Federal immigration law prohibits employers from recruiting or hiring “aliens” who are not authorized to work in the U.S., or from continuing to employ such a person after learning of their lack of work authorization. 8 U.S.C. §§ 1324a(a)(1) – (2). The law also includes provisions prohibiting employment discrimination on the basis of national origin or citizenship. The protections relating to citizenship, however, do not extend to people who lack lawful immigration status. 8 U.S.C. § 1324b(a)(3). The question is therefore whether undocumented immigrants can make a claim under Title VII, which protects employees from discrimination based on their “race, color, religion, sex, or national origin.” 42 U.S.C. § 2000e-2(a).
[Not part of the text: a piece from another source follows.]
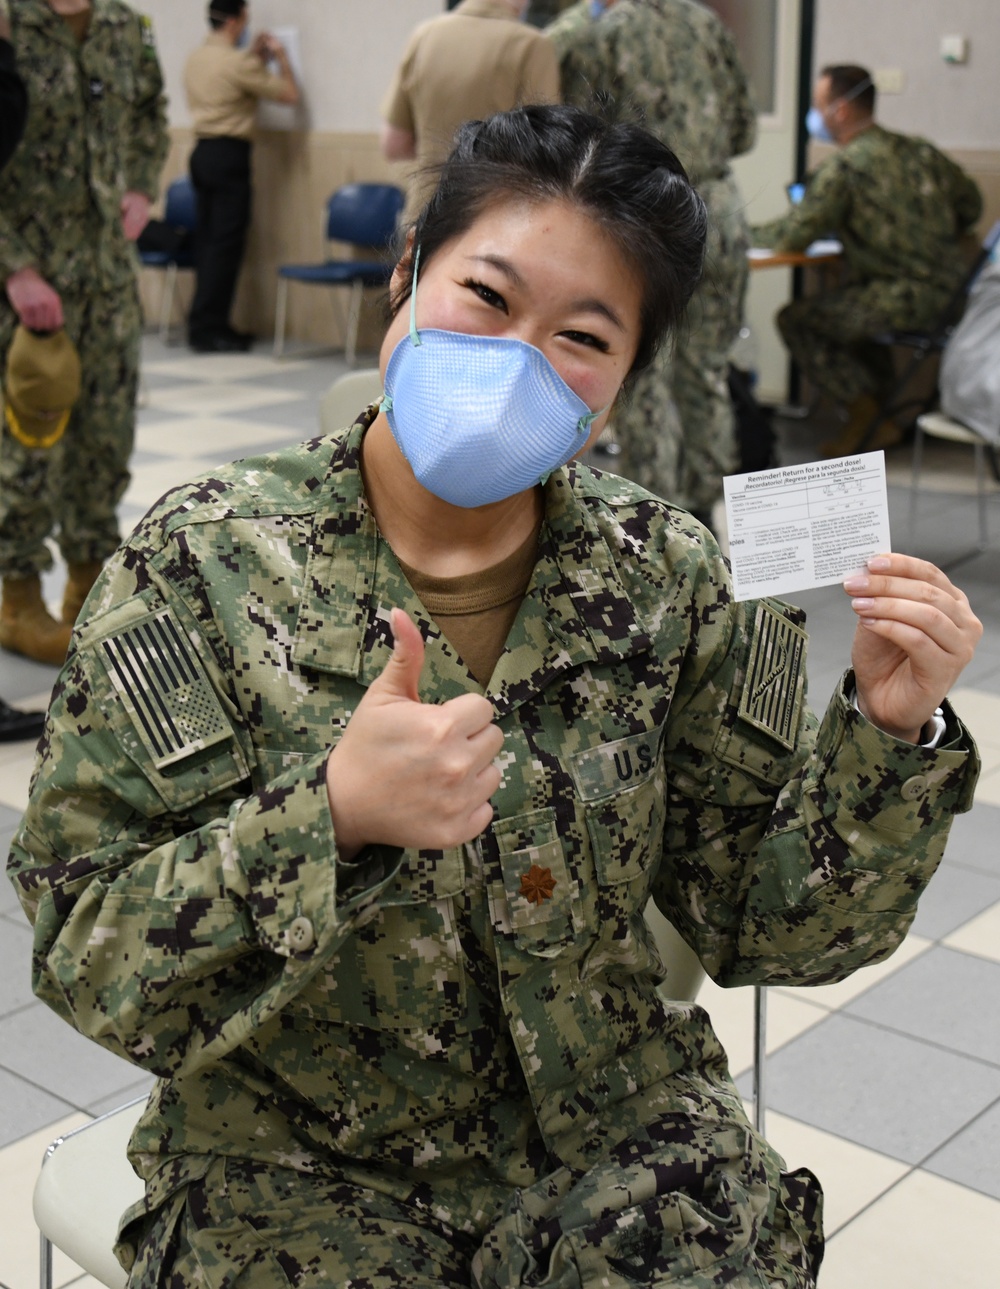 Lt. Cmdr. Kelly Peng, an emergency medicine physician assigned to U.S. Naval Hospital (USNH) Naples, is all smiles after completing the Moderna coronavirus (COVID-19) vaccine observation period

Prior to the Maritime decision, Fourth Circuit precedent held that individuals without lawful immigration status lacked standing to bring a claim under Title VII. Egbuna v. Time-Life Libraries, Inc., 153 F.3d 184 (4th Cir. 1998). A New Jersey court, despite being located in a different circuit, cited this ruling when it dismissed an undocumented immigrant’s claim for lack of standing under state antidiscrimination law. Crespo v. Evergo Corp., 841 A.2d 471, 473-73 (N.J. App. 2004). Courts in New York have reached similar conclusions, although one U.S. district court expressed doubt that the Second Circuit would follow Egbuna in a similar situation. Olvera-Morales v. Sterling Onions, Inc., 322 F.Supp.2d 211, 220 (N.D.N.Y. 2004).